You are given a 0-indexed circular string array words and a string target. A circular array means that the array's end connects to the array's beginning.

  • Formally, the next element of words[i] is words[(i + 1) % n] and the previous element of words[i] is words[(i - 1 + n) % n], where n is the length of words.

Starting from startIndex, you can move to either the next word or the previous word with 1 step at a time.
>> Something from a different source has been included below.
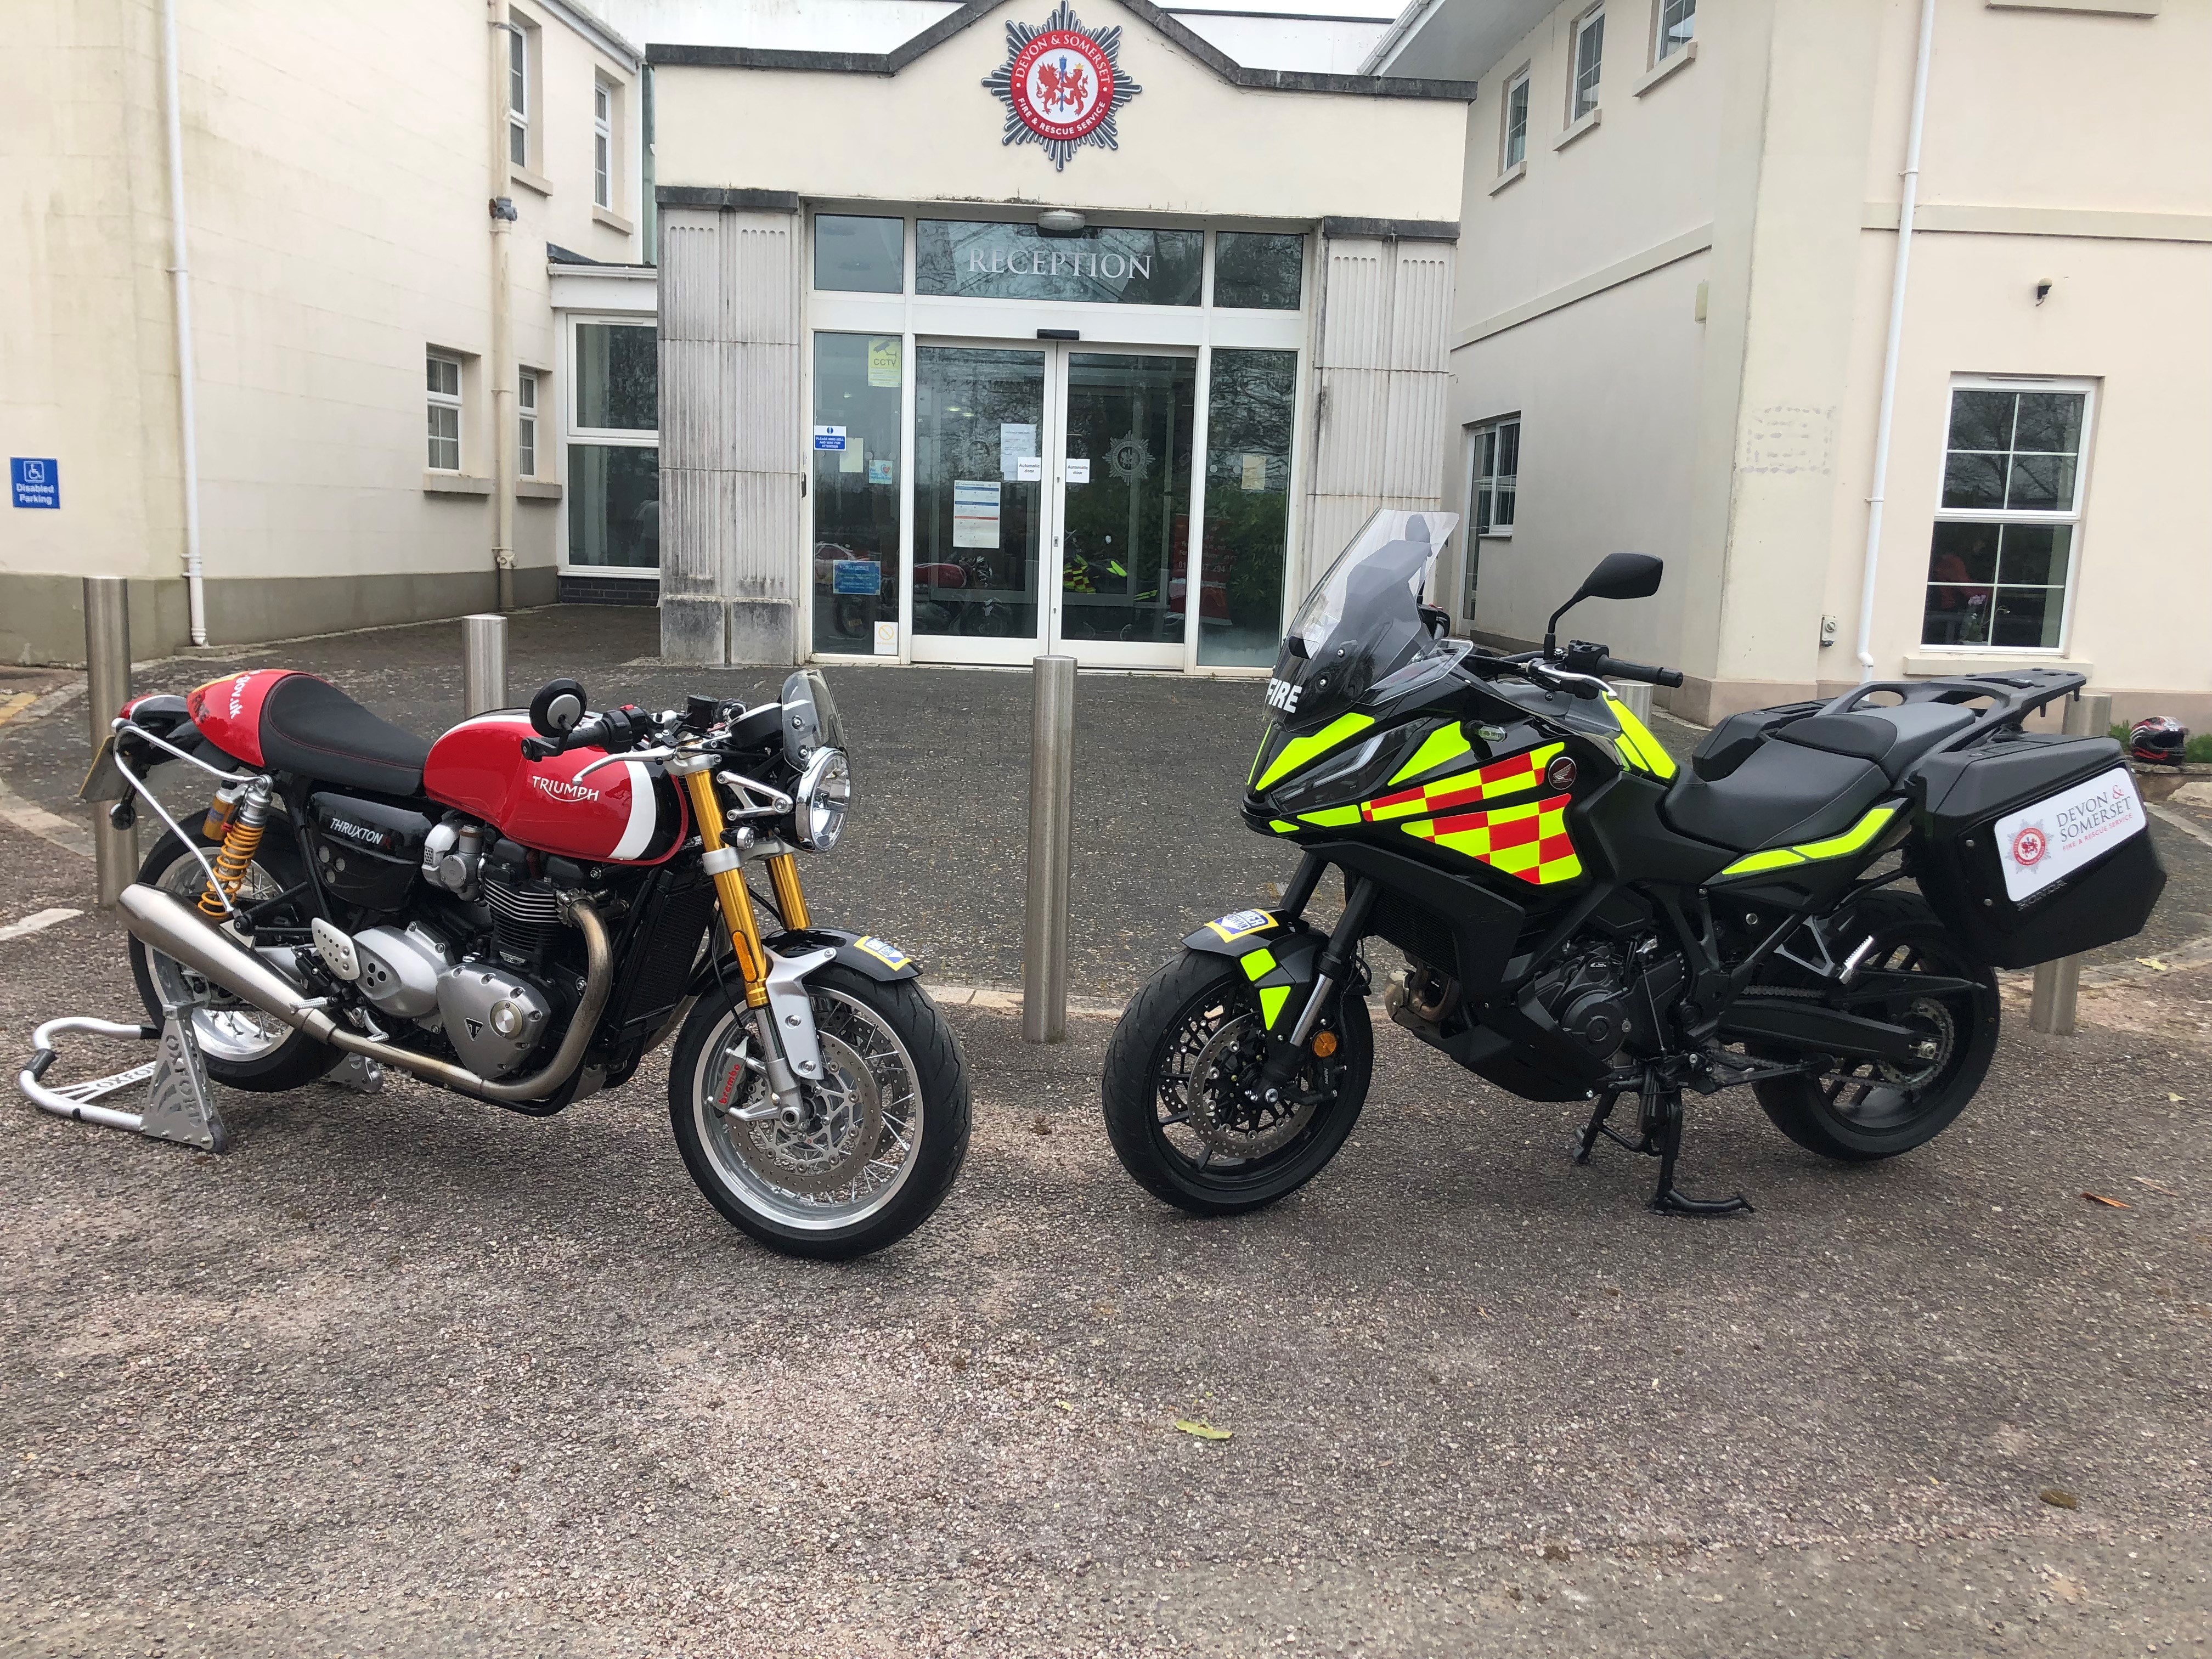 Two motorcycles parked outside fire service headquarters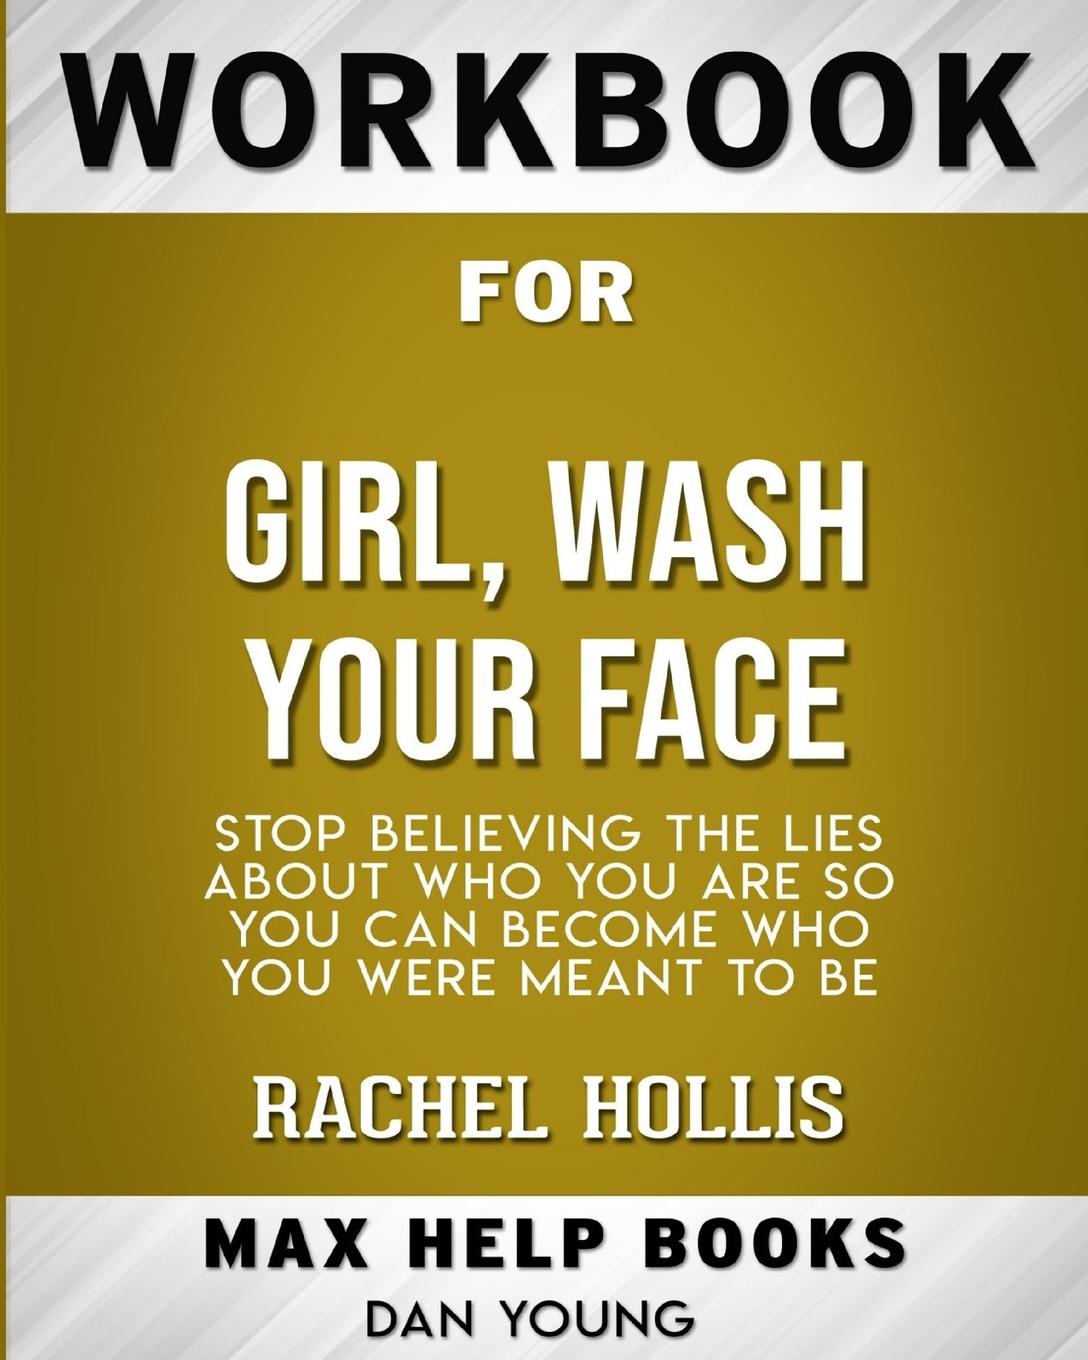 Workbook for Girl, Wash Your Face. Stop Believing the Lies About Who You Are so You Can Become Who You Were Meant to Be

Return the shortest distance needed to reach the string target. If the string target does not exist in words, return -1.

Β 

Example 1:

Input: words = ["hello","i","am","leetcode","hello"], target = "hello", startIndex = 1
Output: 1
Explanation: We start from index 1 and can reach "hello" by
- moving 3 units to the right to reach index 4.
- moving 2 units to the left to reach index 4.
- moving 4 units to the right to reach index 0.
- moving 1 unit to the left to reach index 0.
The shortest distance to reach "hello" is 1.

Example 2:

Input: words = ["a","b","leetcode"], target = "leetcode", startIndex = 0
Output: 1
Explanation: We start from index 0 and can reach "leetcode" by
- moving 2 units to the right to reach index 2.
- moving 1 unit to the left to reach index 2.
The shortest distance to reach "leetcode" is 1.

Example 3:

Input: words = ["i","eat","leetcode"], target = "ate", startIndex = 0
Output: -1
Explanation: Since "ate" does not exist in words, we return -1.

Β 

Constraints:

  • 1 <= words.length <= 100
  • 1 <= words[i].length <= 100
  • words[i] and target consist of only lowercase English letters.
  • 0 <= startIndex < words.length

Solutions

Solution 1: Single Traversal

We traverse the array \(\textit{words}\)\(,\) find the words equal to \(\textit{target}\), and compute their distance \(t\) from \(\textit{startIndex}\). The shortest distance in this case is \(\min(t, n - t)\), so we only need to keep updating the minimum value.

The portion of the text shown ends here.